9. It has now been contended that the tenancy created by the plaintiff's father came to an end on his death and that since then the tenants have been tenants at sufferance, which means that they have been trespassers. If this were so, they would have acquired their title long ago and would not have been merely tenants claiming a limited interest, but would have been able to claim ownership of the land. But it does not seem to be correct to say that they have been merely tenants at. sufferance since the date of the plaintiff's father's death. In their pleadings in the revenue proceedings in 1899 (exhibit 144) they specifically stated that they had been enjoying the land adversely to the applicant for many years and that the applicant had been accepting rent regularly for many years. They rely also on the fact that in 1897 the plaintiff sought to evict them as trespassers, and they claim that he cannot now be allowed to change his ground. This might have been a good defence if it had been raised at the proper time. But there is nothing of this nature in the written statement. The defendants did not say that they had been treated as trespassers, that their tenancy was put an end to by the plaintiff in 1897, and that they have been in possession ever since adversely. On the contrary they pleaded they were in possession as tenants. They cannot be allowed to change their defence, and, therefore, we have to hold that they were tenants up to the date of the suit and they were not entitled to raise the defence that they had been in adverse possession.

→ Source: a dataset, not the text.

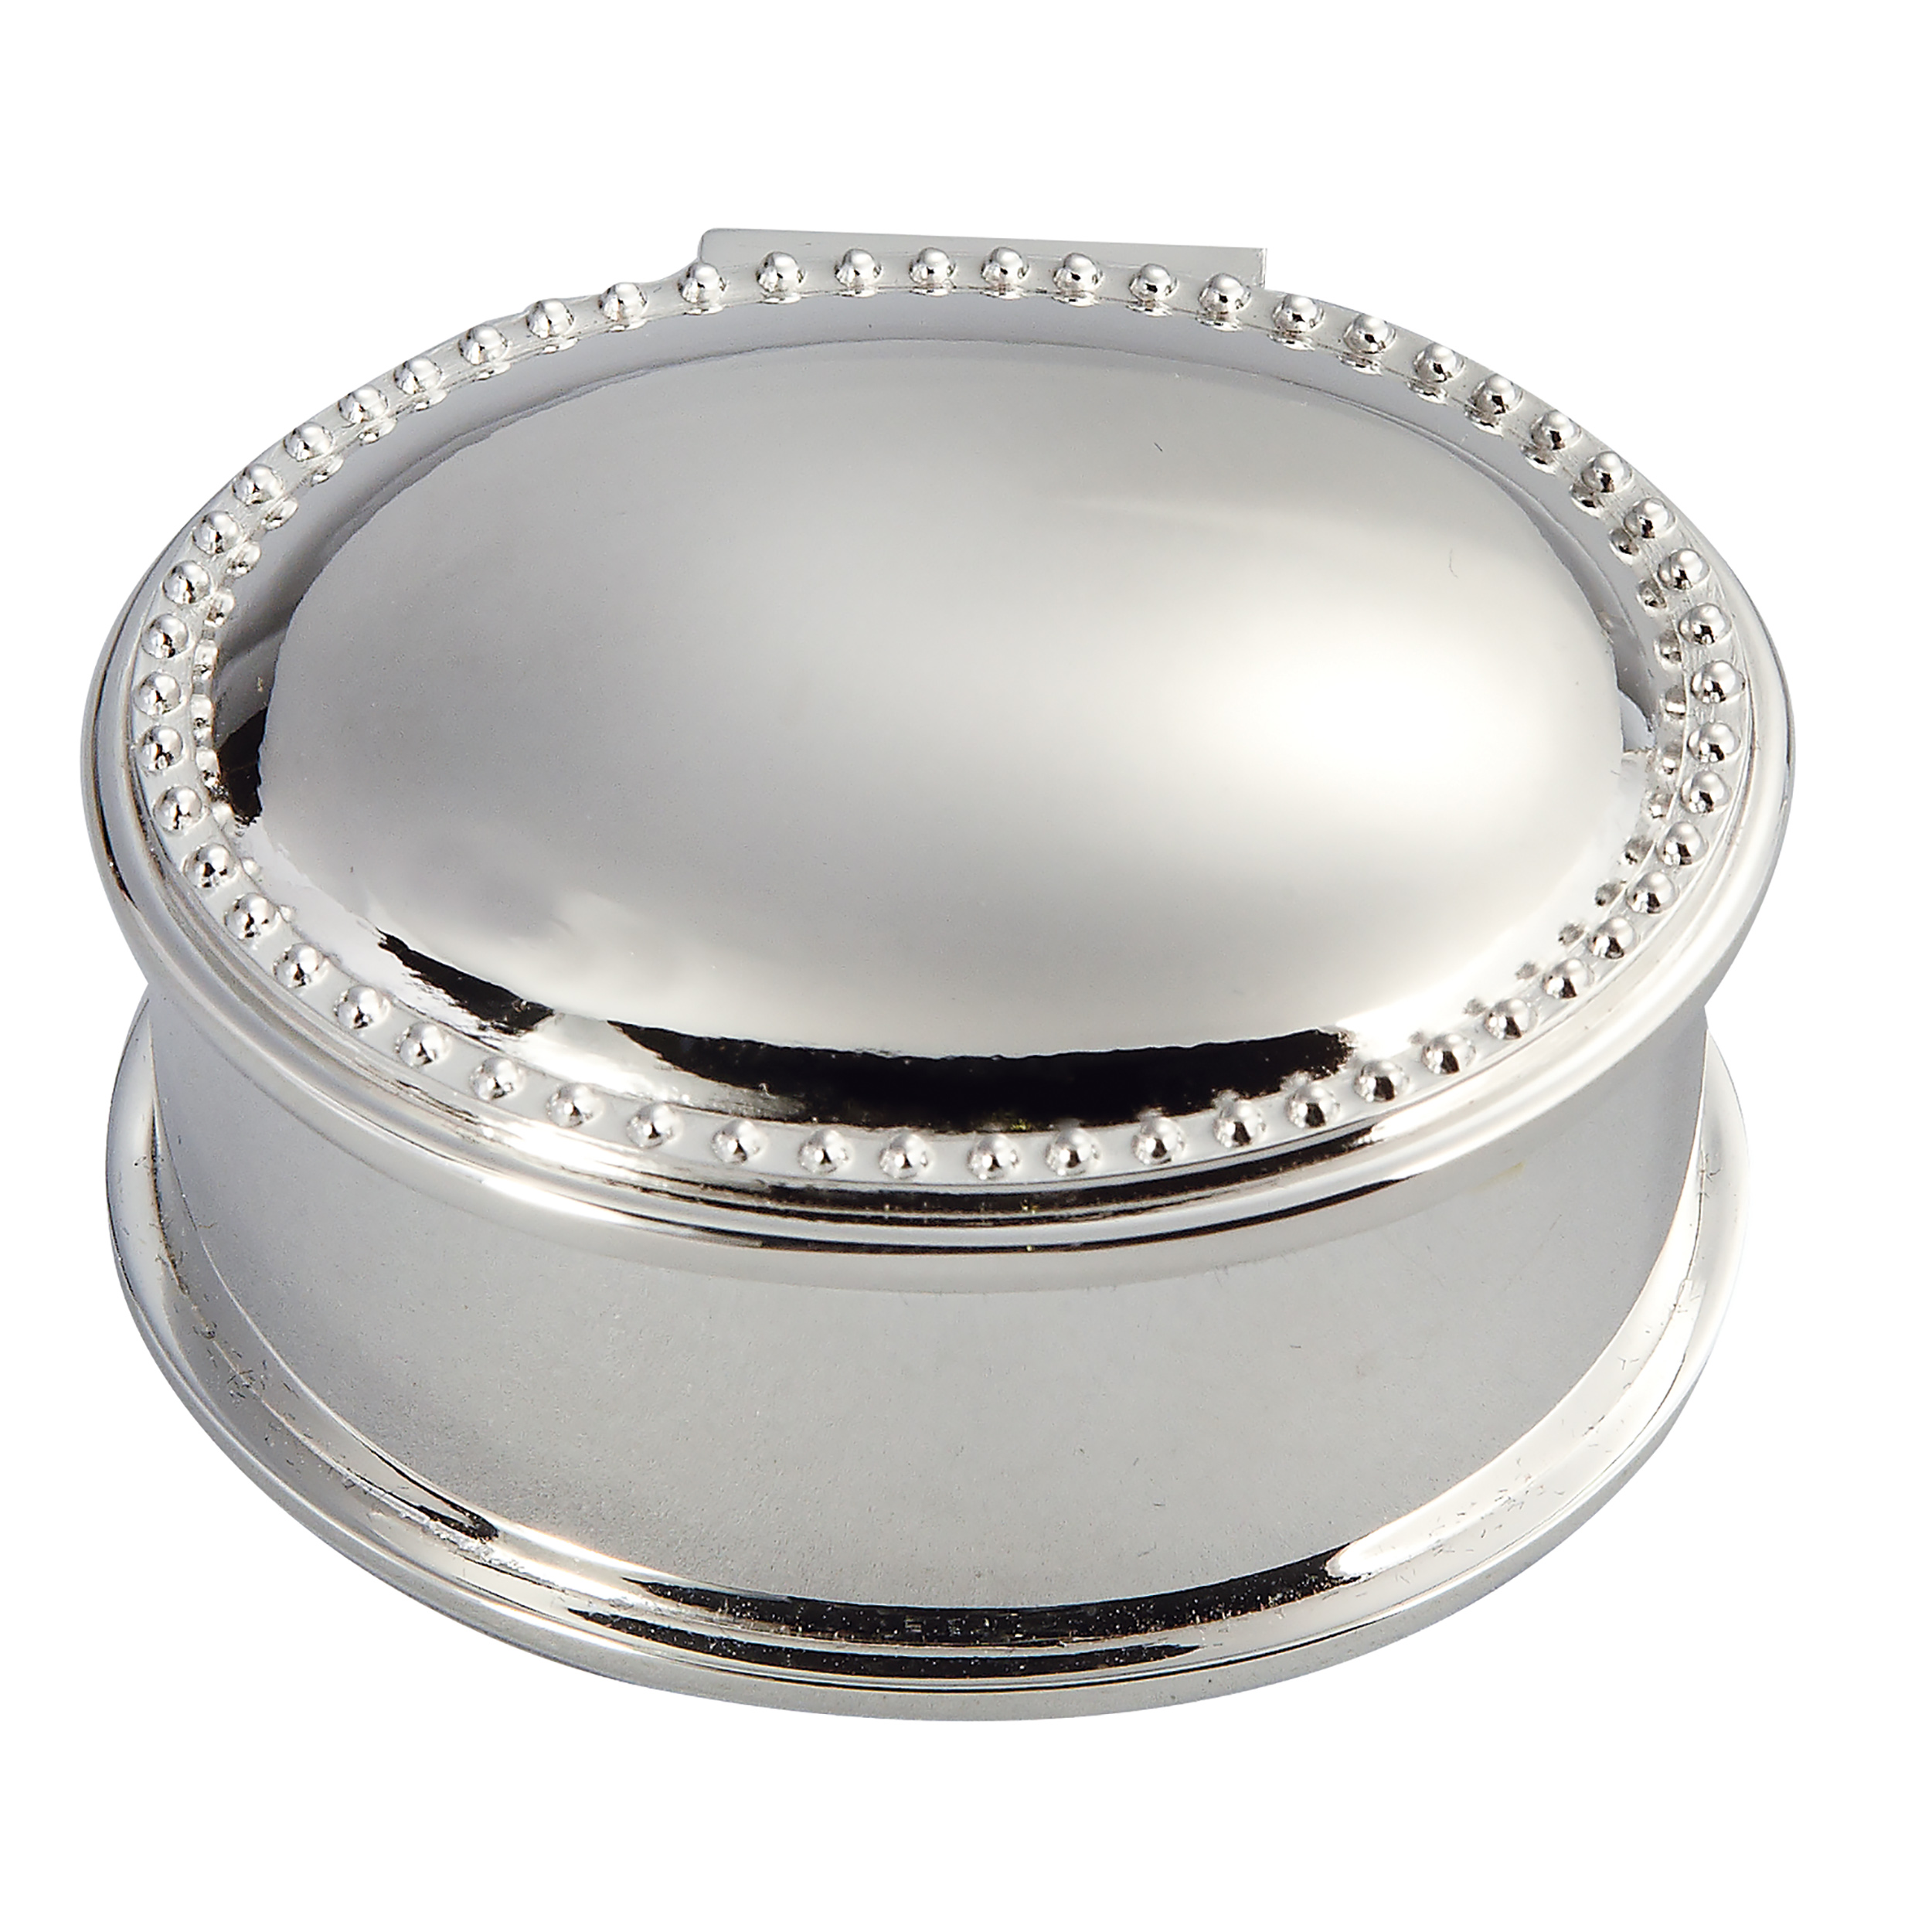 Oval jewelry box, 2.5" x 2" - Item # 6402
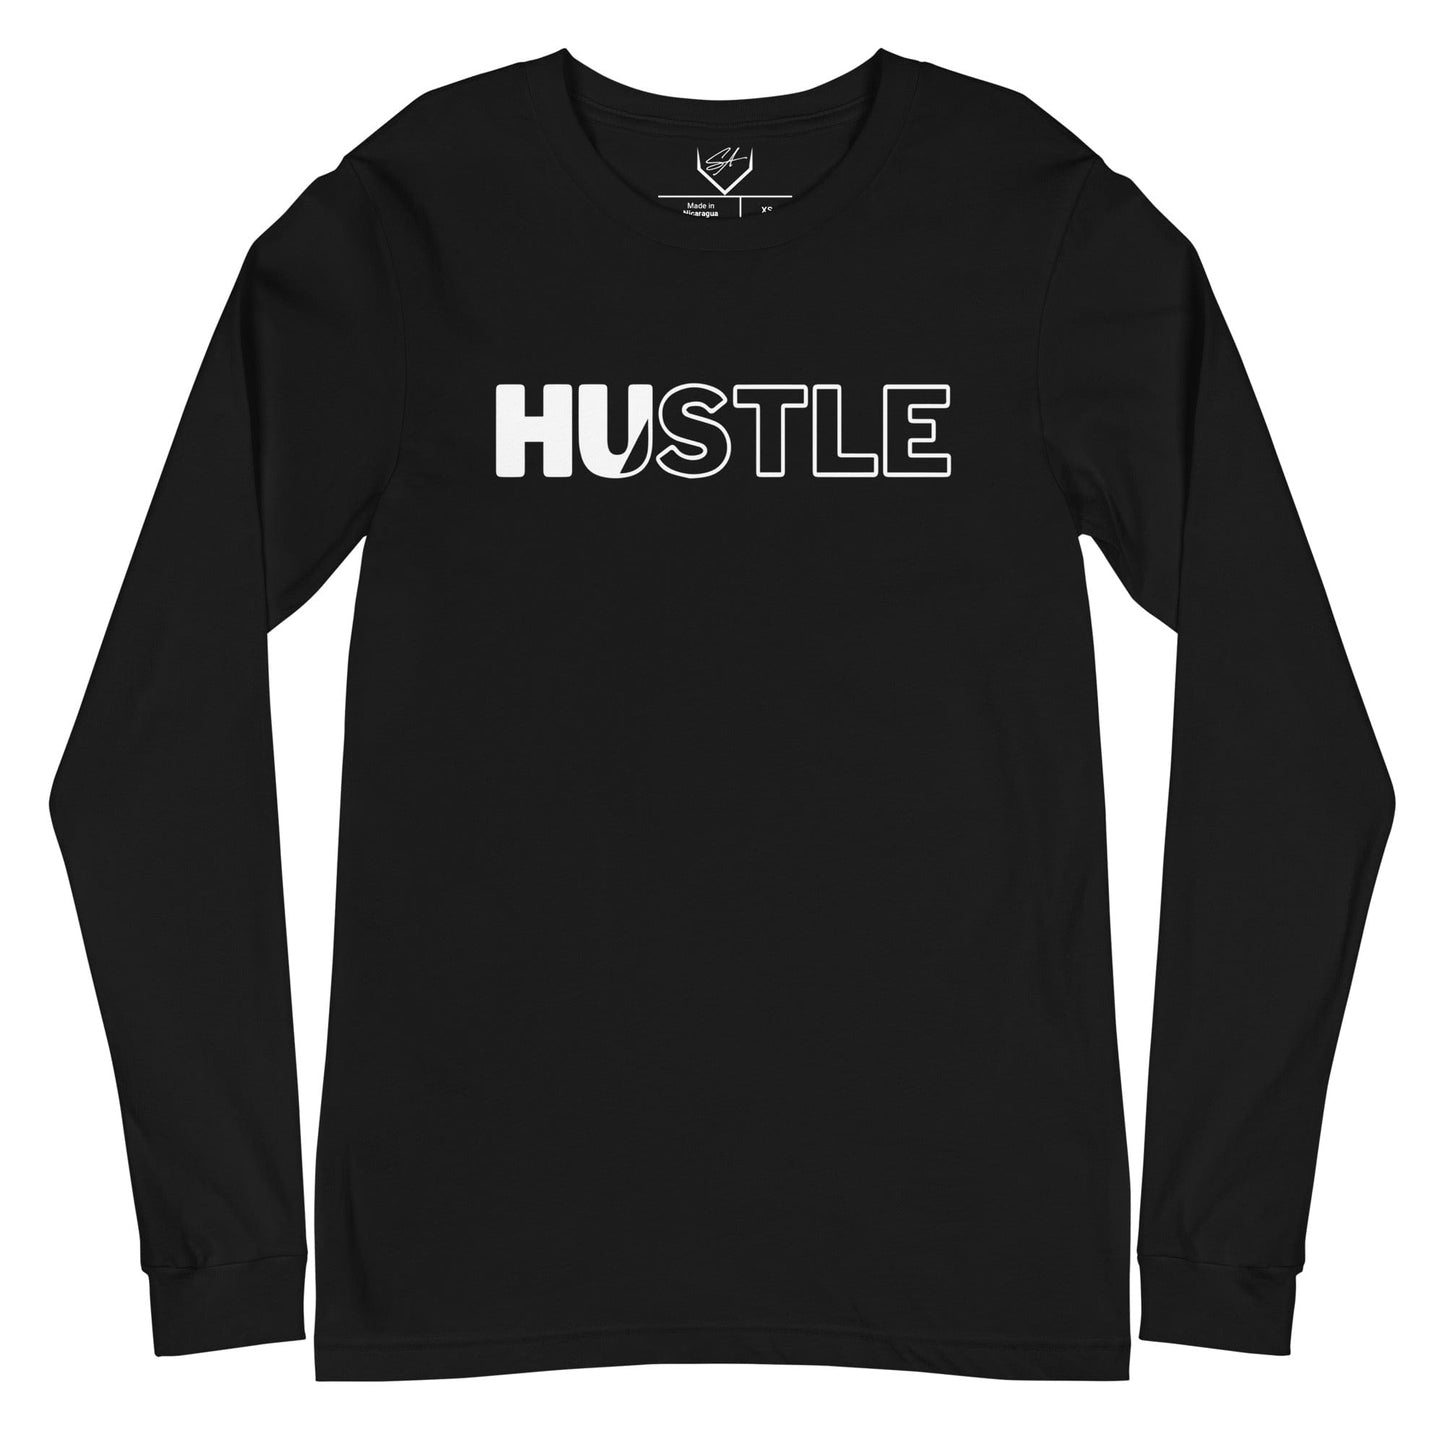 Hustle - Adult Long Sleeve

10. The appeal, therefore, must succeed.
11. The defendants have objected in their cross-objections to the finding of the learned Subordinate Judge that exhibit 61 did not create a permanent lease. The words of that document on which they rely are as follows-
I made a personal request that I was willing to pay to the State annually a total sum of Rs. 62 1/2 rupees sixty two and a half made up of Rs. 50 fifty 'Kadvar' ('till the end') according to the survey assessment.
The word 'Kadvar' they claim means permanently. But there is no evidence that this is the meaning. The learned Subordinate Judge holds that at most it meant 'till the end of either the lessor's or the lessee's life, and we can see no reason for refusing to accept this view.
12. It has been contended that the .conduct of the plaintiff's father points to the conclusion that he intended to give a permanent lease inasmuch as on the day on which he accepted the rent note he advanced a sum of money to the lessee on, the security of his tenure. This certainly is a very curious circumstance, but it does not necessarily follow that he meant to grant a tenancy for perpetuity. It merely shows that the tenancy was not a mere tenancy at will or -annual tenancy. We agree with the learned Subordinate Judge that the defendants have failed to make out their case and we must dismiss the cross-objections with costs.
13. The order will then be that the appeal succeeds with costs and the cross-objections are dismissed with costs. There will be a decree for possession and Tent Rs. 300 for six years, and costs throughout. Mesne profits from the date of the suit to be determined under Order XX, Rule 12.